We compared fistula formation post-intervention and recurrence in both groups. In our study, one patient in each group developed a fistula, and two had recurrence. However, these factors were not statistically significant. A study by Christensen et al. showed that only four of the 151 patients who received USG-guided drainage developed a fistula [23]. We compared scar formation in both groups. As ID is an operative procedure and hence had high rates of scar formation, it was statistically significant (p-value <0.0001). The main culprit responsible for breast abscesses is Staphylococcus aureus. The microbiology of this condition is complex. In the past, methicillin-resistant Staphylococcus aureus (MRSA) was primarily associated with healthcare-associated infections. However, in recent times, it has emerged as a pathogen involved in a spectrum of community-acquired infections, including breast abscesses [23].

Our study also analyzed postoperative pain response (VAS score) immediately after the intervention, 24 hours after the intervention, and 48 hours after the intervention. We found statistically significant differences in all three assessment periods. Odiya et al. also reported similar findings; they compared pain severity between incision and drainage versus minimally invasive percutaneous placement of a suction drain [24]. As they gave analgesics if the VAS score was more than 4, patients of the intervention group complained of less severe pain. They required less duration of analgesics than the control group. 
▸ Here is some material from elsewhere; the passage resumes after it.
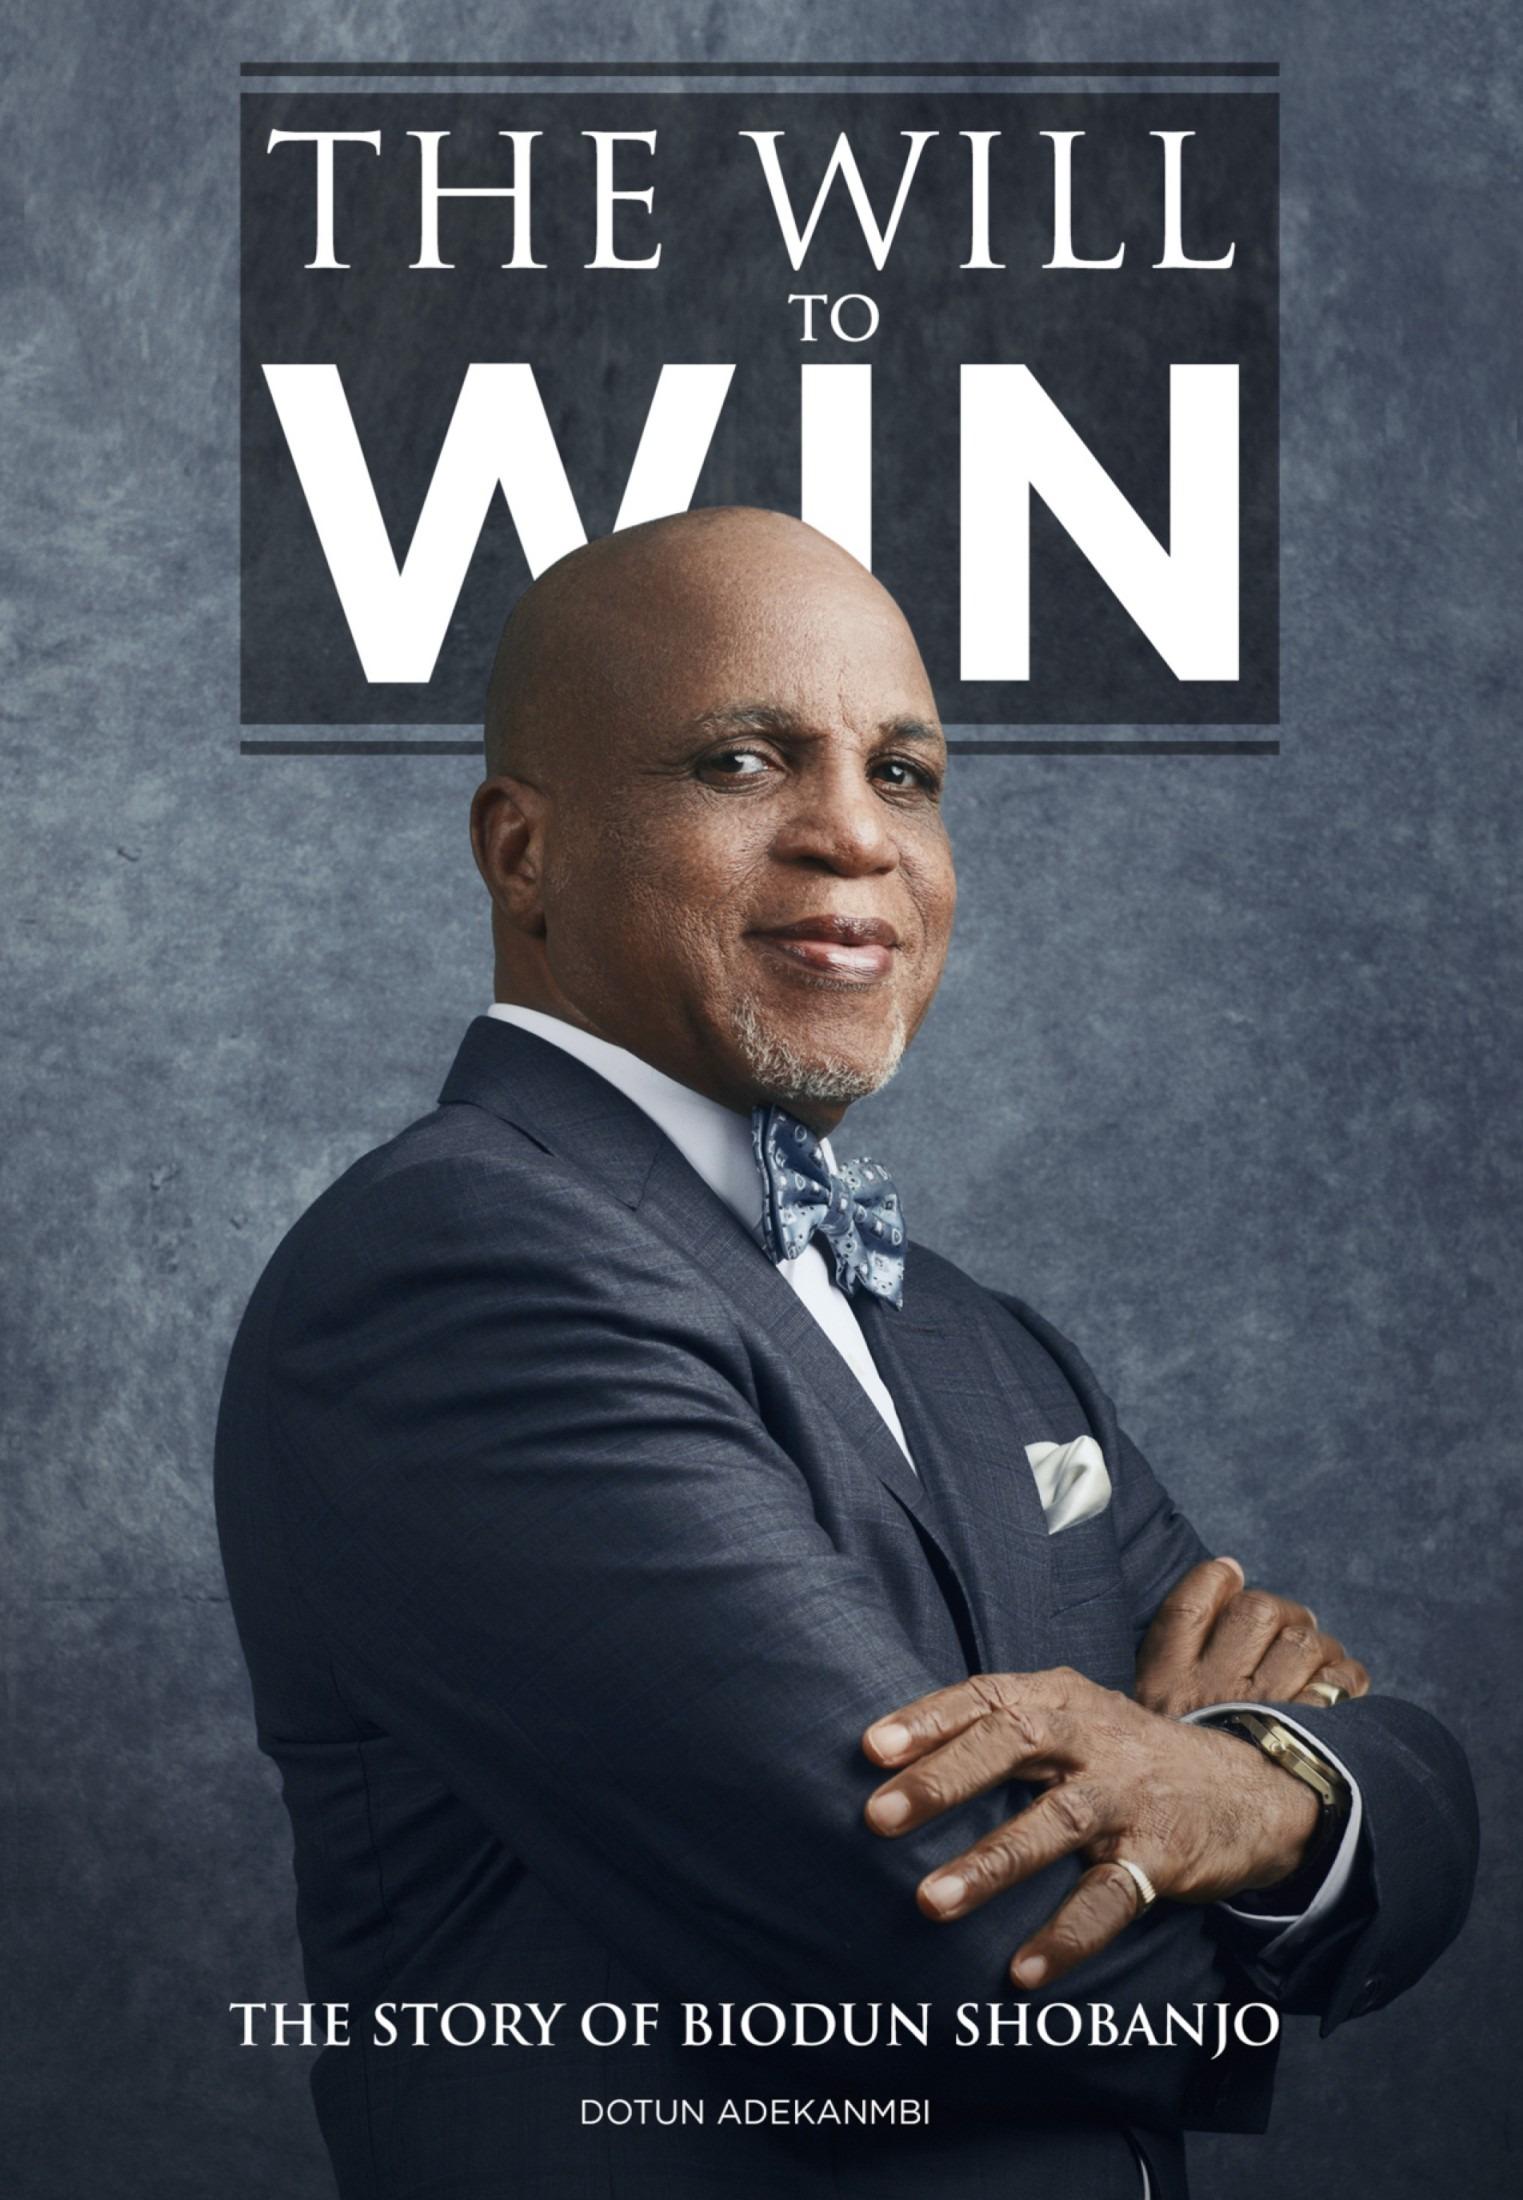 The Will to Win: The Story of Biodun Shobanjo

There are a few limitations of the present study. Blinding was not performed in this study, which may affect participants’ behavior and reactions to subjective outcome measures like pain. The study could not reach a predetermined, calculated sample size due to the coronavirus disease 2019 (COVID-19) pandemic. For this reason, the study could not prove the non-inferiority of USG-guided needle aspiration over surgical drainage. Few patients were managed by teleconsultation during the COVID-19 pandemic. USG is a highly operator-dependent radiological intervention. The experience of a sociologist has an immense effect on intervention capability and completeness. We did not evaluate the cost-benefit analysis for the USG-guided needle aspiration for BA. 

Conclusions

From the present study, the minimally invasive USG-guided needle aspiration of BA is a safe technique. It avoids the need for surgical procedures anesthesia, a significant decrease in post-intervention pain, and hospital admission. USG-guided needle aspiration will not have scar formation, and the patient can continue breastfeeding. Hence, patients and surgeons should be encouraged to use minimally invasive needle aspiration for BA unless contraindicated. However, further studies will be required with large sample sizes for conclusive evidence and to form proper guidelines.